[Your assignment]:
Every line of the entries below that mentions "Dark" is to be copied out.

Dataset items:
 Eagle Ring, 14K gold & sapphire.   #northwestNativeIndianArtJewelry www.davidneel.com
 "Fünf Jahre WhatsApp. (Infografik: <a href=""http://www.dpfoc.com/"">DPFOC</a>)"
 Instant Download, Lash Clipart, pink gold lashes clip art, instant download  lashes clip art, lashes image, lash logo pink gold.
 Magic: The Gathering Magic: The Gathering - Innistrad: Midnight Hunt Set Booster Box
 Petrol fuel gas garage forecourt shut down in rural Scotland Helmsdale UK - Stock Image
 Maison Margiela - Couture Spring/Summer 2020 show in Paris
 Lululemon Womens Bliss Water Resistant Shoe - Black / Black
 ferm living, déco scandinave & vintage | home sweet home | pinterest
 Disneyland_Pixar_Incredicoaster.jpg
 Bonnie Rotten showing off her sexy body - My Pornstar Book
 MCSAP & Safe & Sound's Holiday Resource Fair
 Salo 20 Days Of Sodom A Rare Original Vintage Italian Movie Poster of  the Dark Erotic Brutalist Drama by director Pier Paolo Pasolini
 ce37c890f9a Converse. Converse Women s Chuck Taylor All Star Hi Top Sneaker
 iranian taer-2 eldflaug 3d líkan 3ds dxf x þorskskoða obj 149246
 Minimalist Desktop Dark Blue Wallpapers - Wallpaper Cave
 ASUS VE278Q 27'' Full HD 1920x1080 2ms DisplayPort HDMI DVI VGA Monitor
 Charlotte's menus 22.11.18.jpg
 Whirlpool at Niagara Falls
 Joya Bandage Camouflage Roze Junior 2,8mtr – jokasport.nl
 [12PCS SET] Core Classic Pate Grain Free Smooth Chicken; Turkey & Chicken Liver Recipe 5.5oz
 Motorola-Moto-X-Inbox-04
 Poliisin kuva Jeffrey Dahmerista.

[Solution to the exercise]:
 Salo 20 Days Of Sodom A Rare Original Vintage Italian Movie Poster of  the Dark Erotic Brutalist Drama by director Pier Paolo Pasolini
 Minimalist Desktop Dark Blue Wallpapers - Wallpaper Cave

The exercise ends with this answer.